DIRECTIONS FOR THIS TASK >> Word for word, print each record, dropping any image it holds.

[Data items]
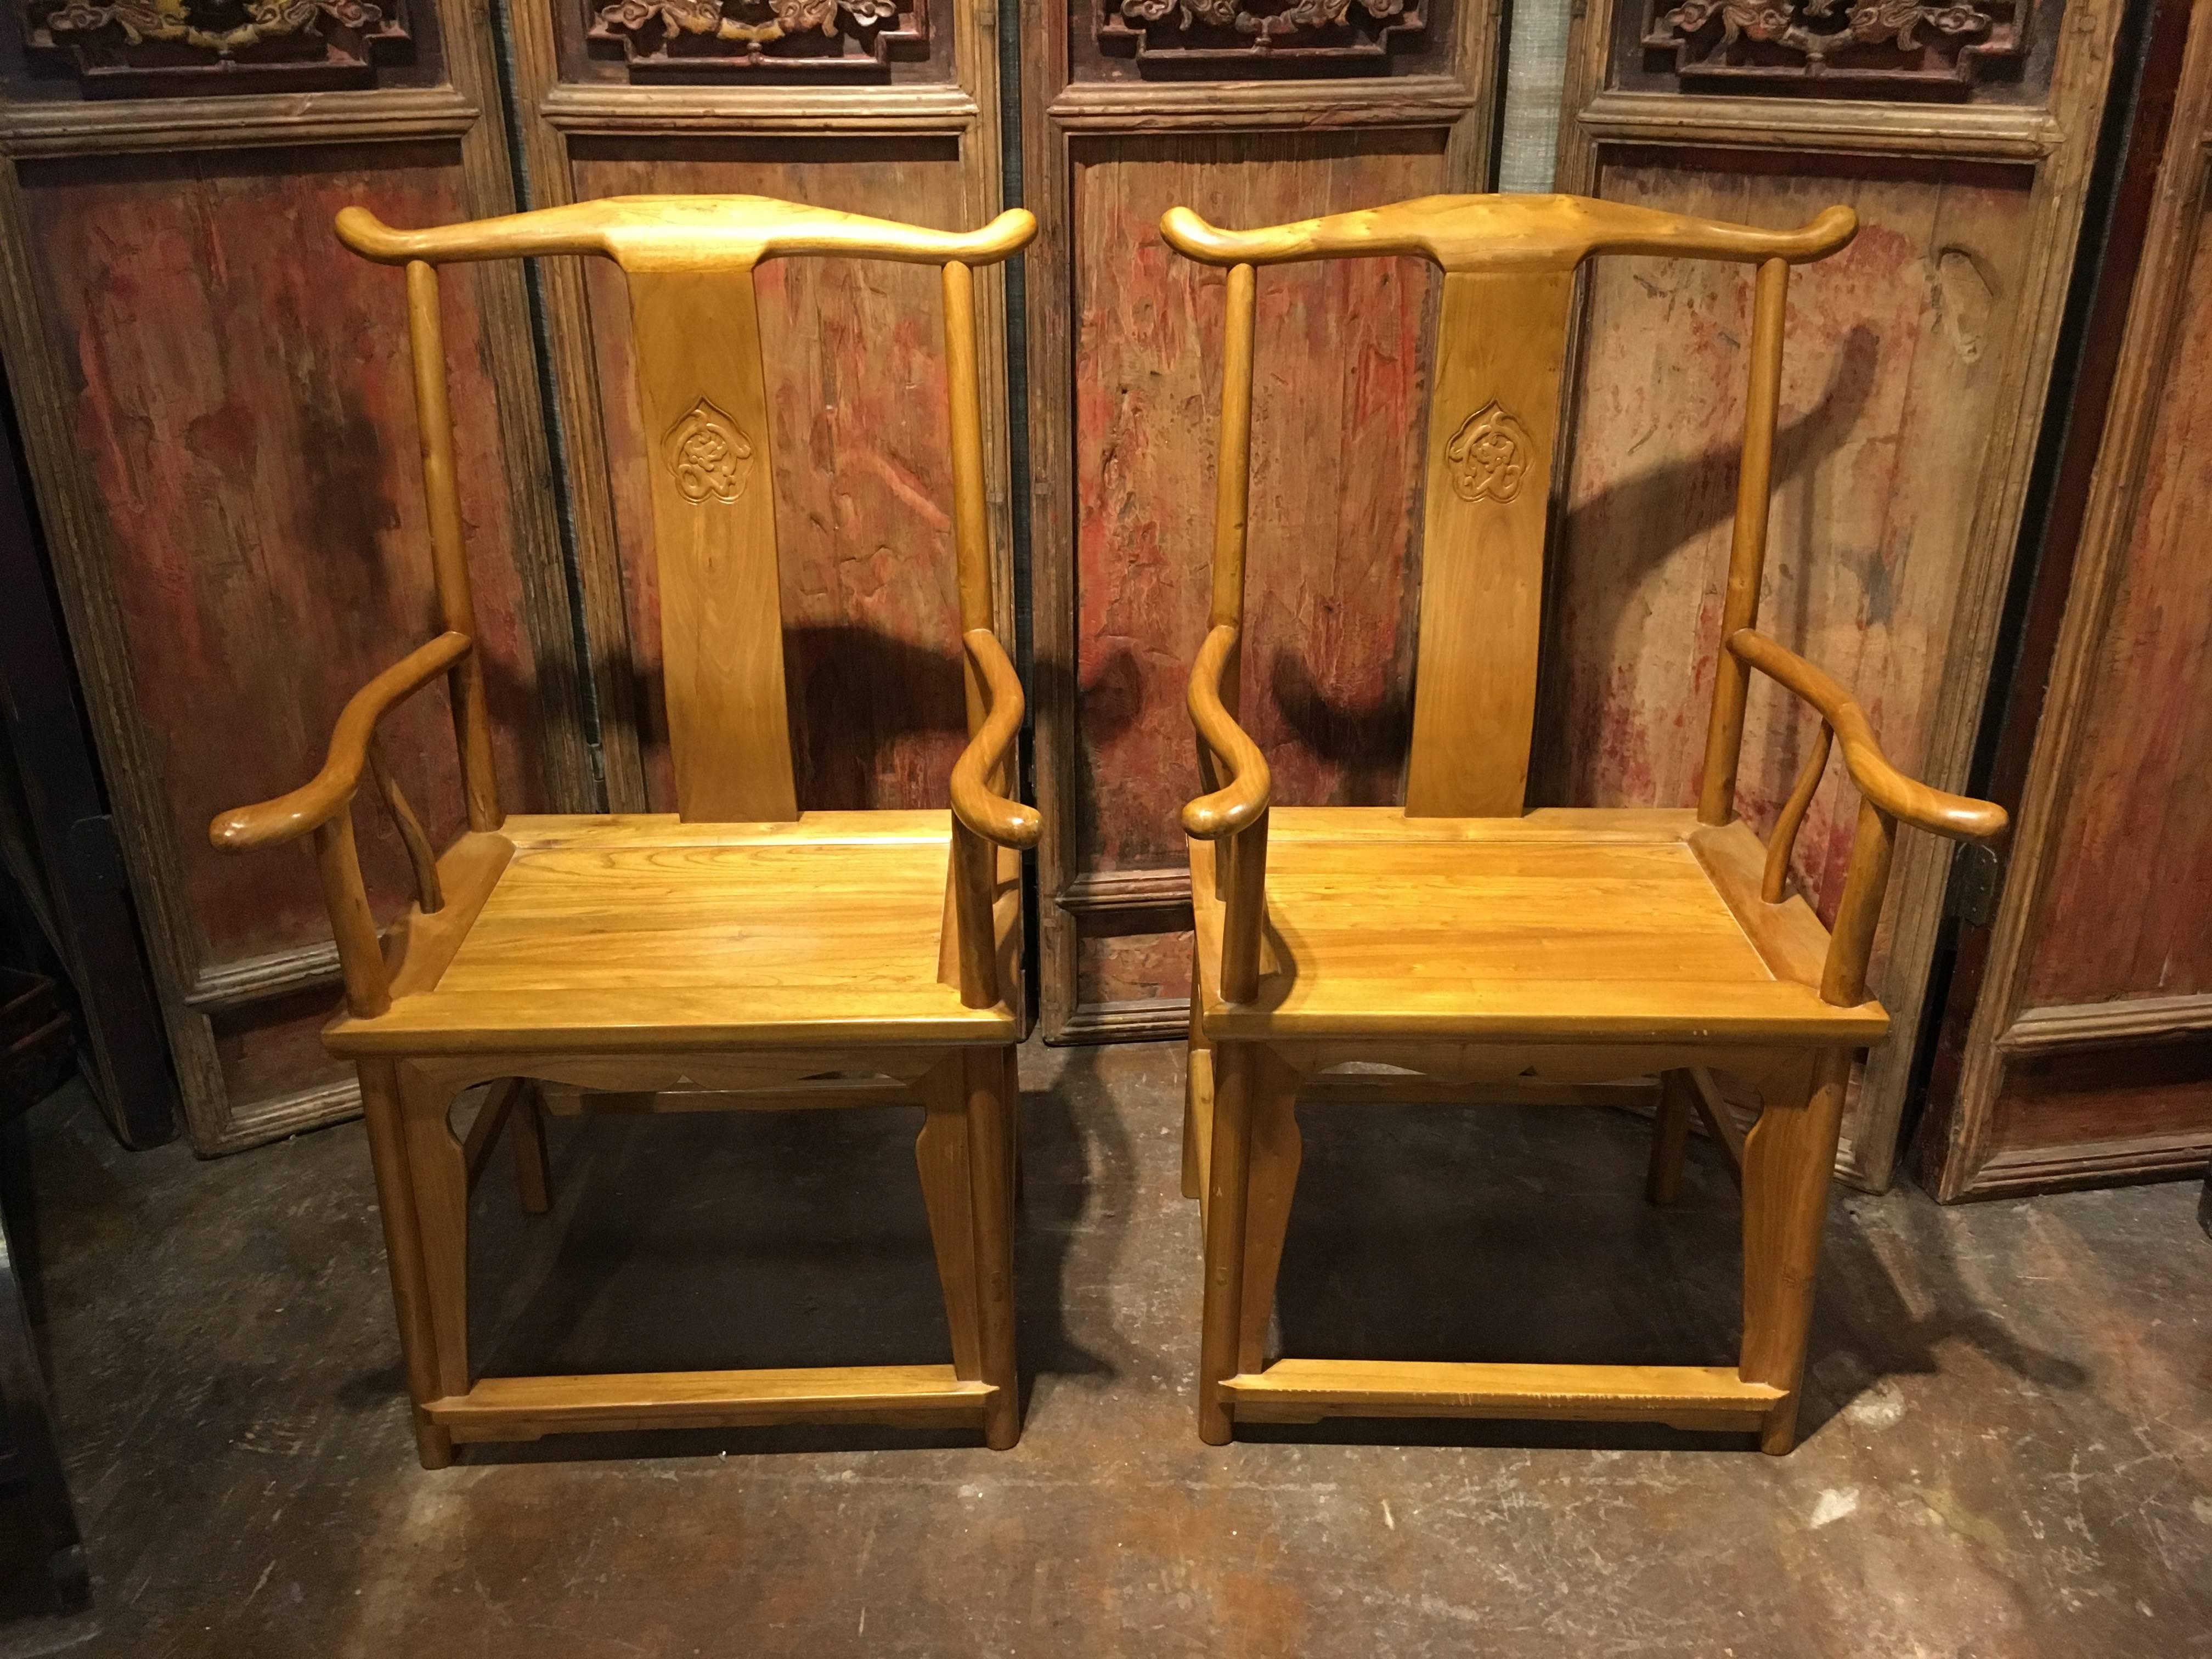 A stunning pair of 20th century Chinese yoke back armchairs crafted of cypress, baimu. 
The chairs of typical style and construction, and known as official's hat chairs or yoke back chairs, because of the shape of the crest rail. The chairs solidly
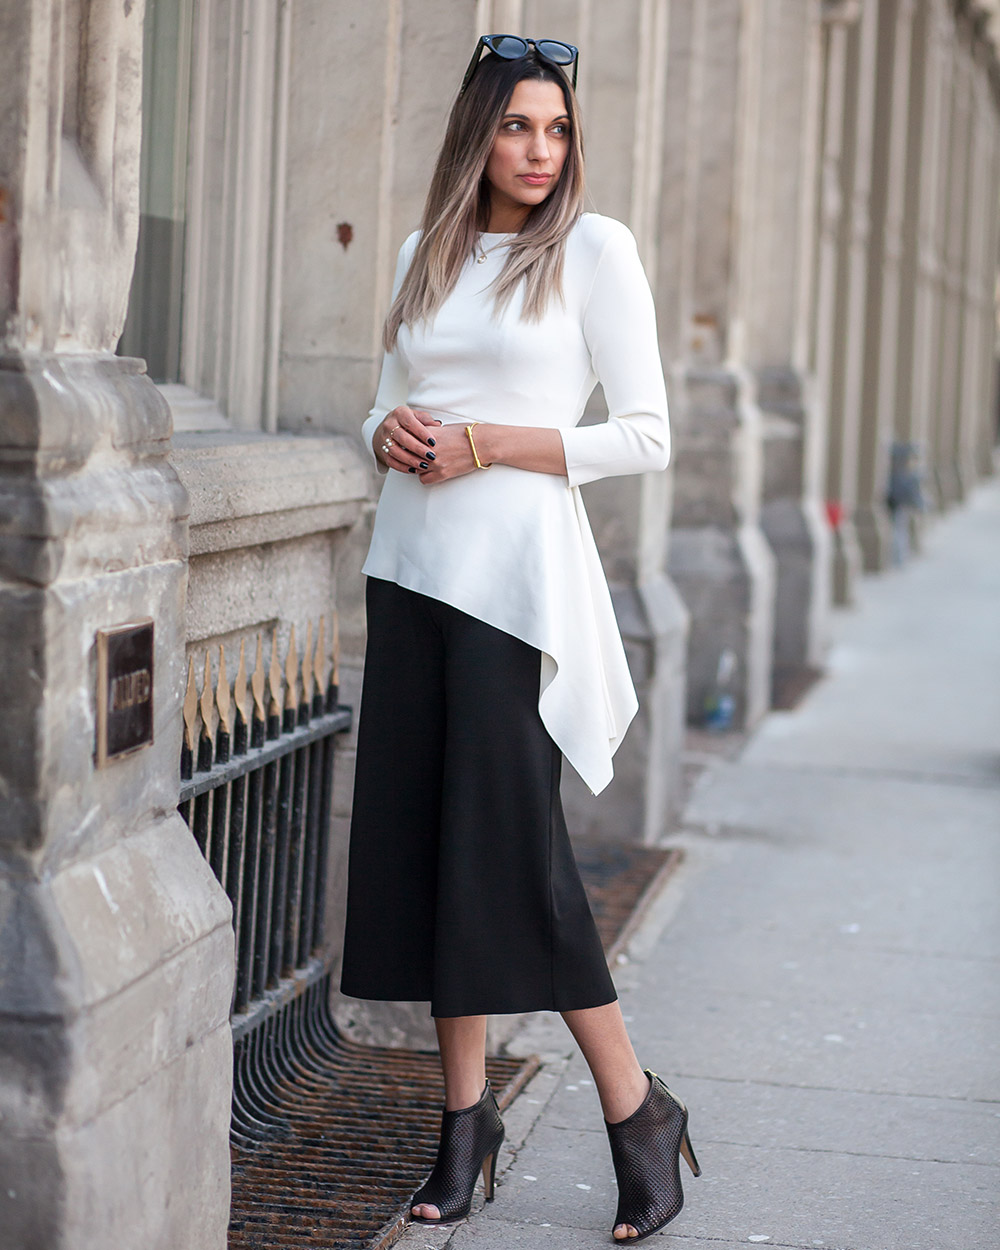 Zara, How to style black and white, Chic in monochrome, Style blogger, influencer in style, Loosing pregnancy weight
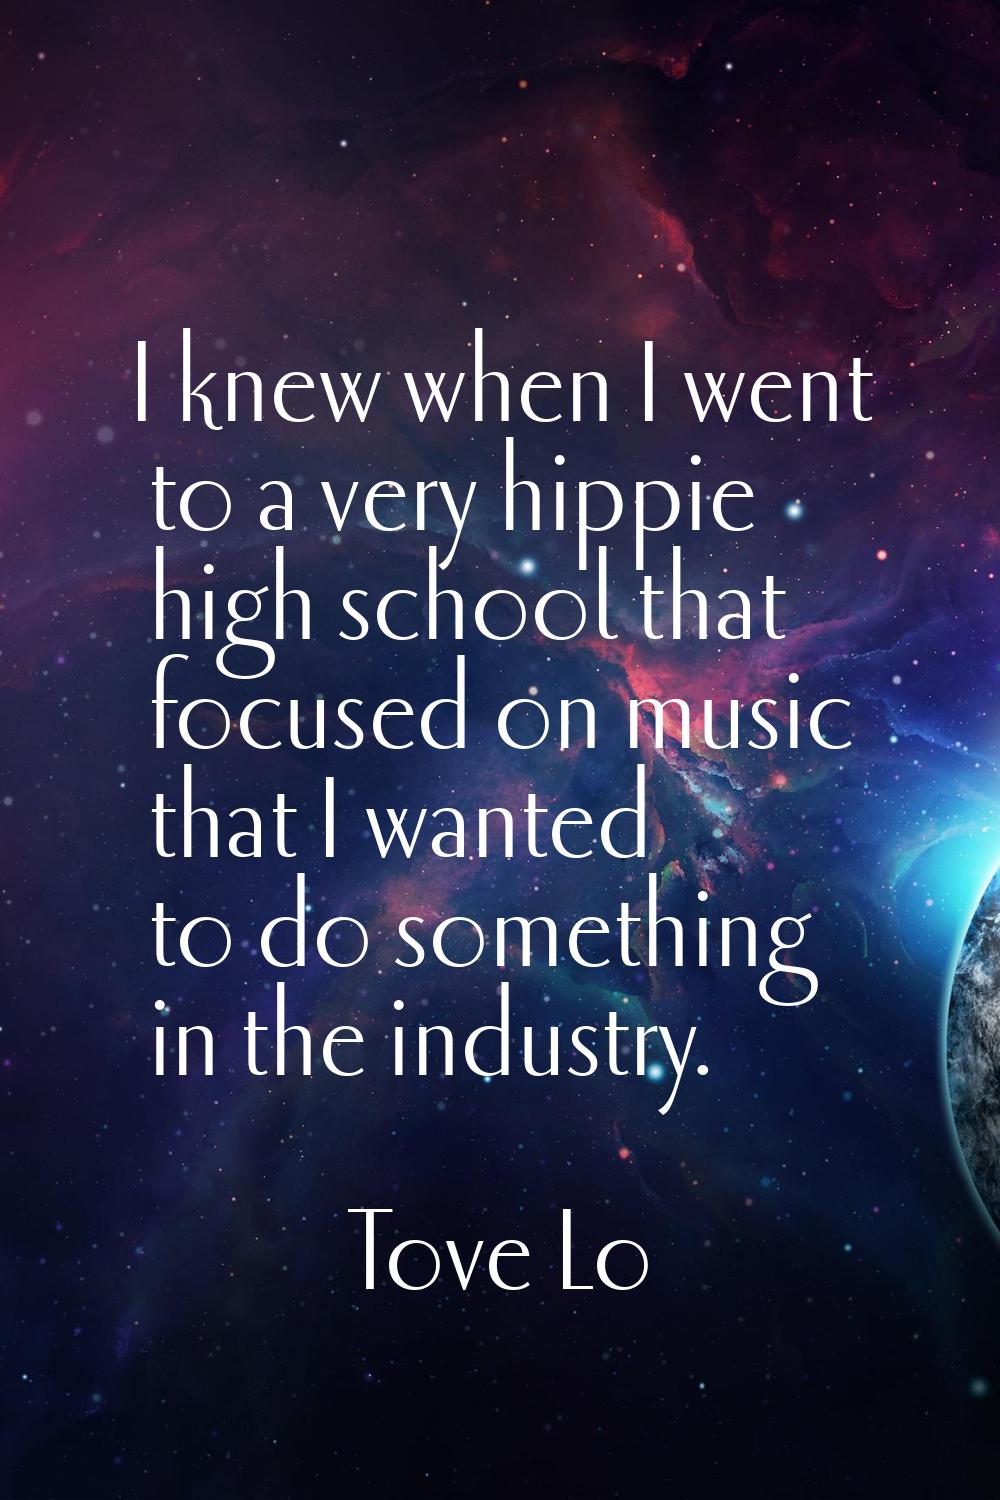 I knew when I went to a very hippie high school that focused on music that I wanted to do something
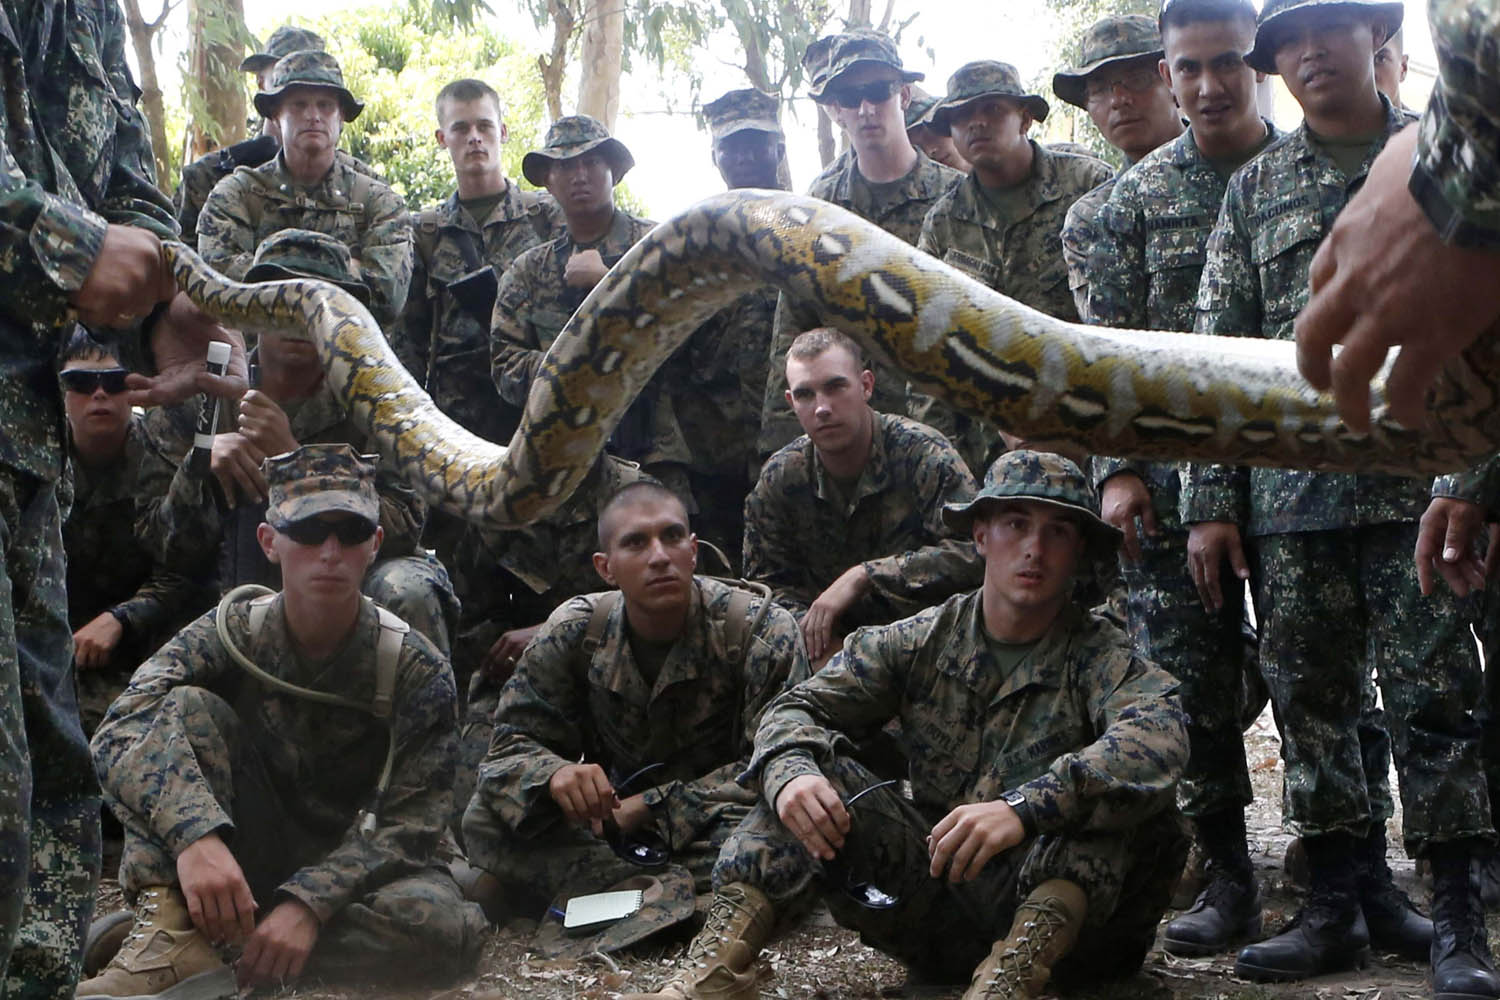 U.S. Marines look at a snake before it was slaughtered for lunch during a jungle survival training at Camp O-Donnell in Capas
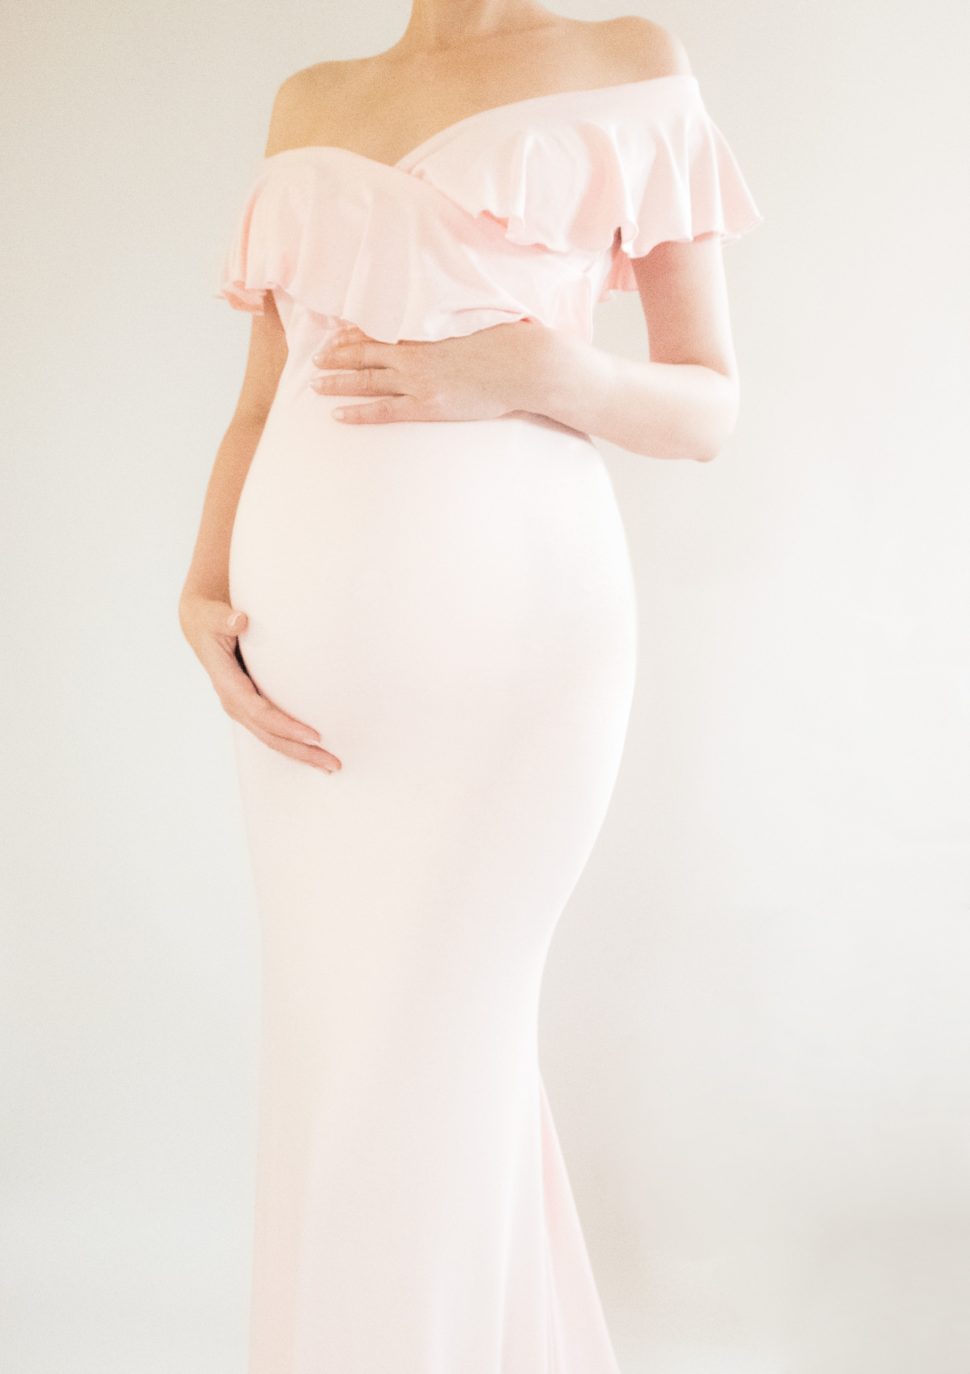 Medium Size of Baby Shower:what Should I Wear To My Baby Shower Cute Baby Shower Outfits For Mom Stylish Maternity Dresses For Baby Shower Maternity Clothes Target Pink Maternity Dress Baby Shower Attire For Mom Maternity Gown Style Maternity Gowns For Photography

RESULT OF THIS TASK >>
 A stunning pair of 20th century Chinese yoke back armchairs crafted of cypress, baimu. 
The chairs of typical style and construction, and known as official's hat chairs or yoke back chairs, because of the shape of the crest rail. The chairs solidly
 Zara, How to style black and white, Chic in monochrome, Style blogger, influencer in style, Loosing pregnancy weight
 I knew when I went to a very hippie high school that focused on music that I wanted to do something
 U.S. Marines look at a snake before it was slaughtered for lunch during a jungle survival training at Camp O-Donnell in Capas
 Medium Size of Baby Shower:what Should I Wear To My Baby Shower Cute Baby Shower Outfits For Mom Stylish Maternity Dresses For Baby Shower Maternity Clothes Target Pink Maternity Dress Baby Shower Attire For Mom Maternity Gown Style Maternity Gowns For Photography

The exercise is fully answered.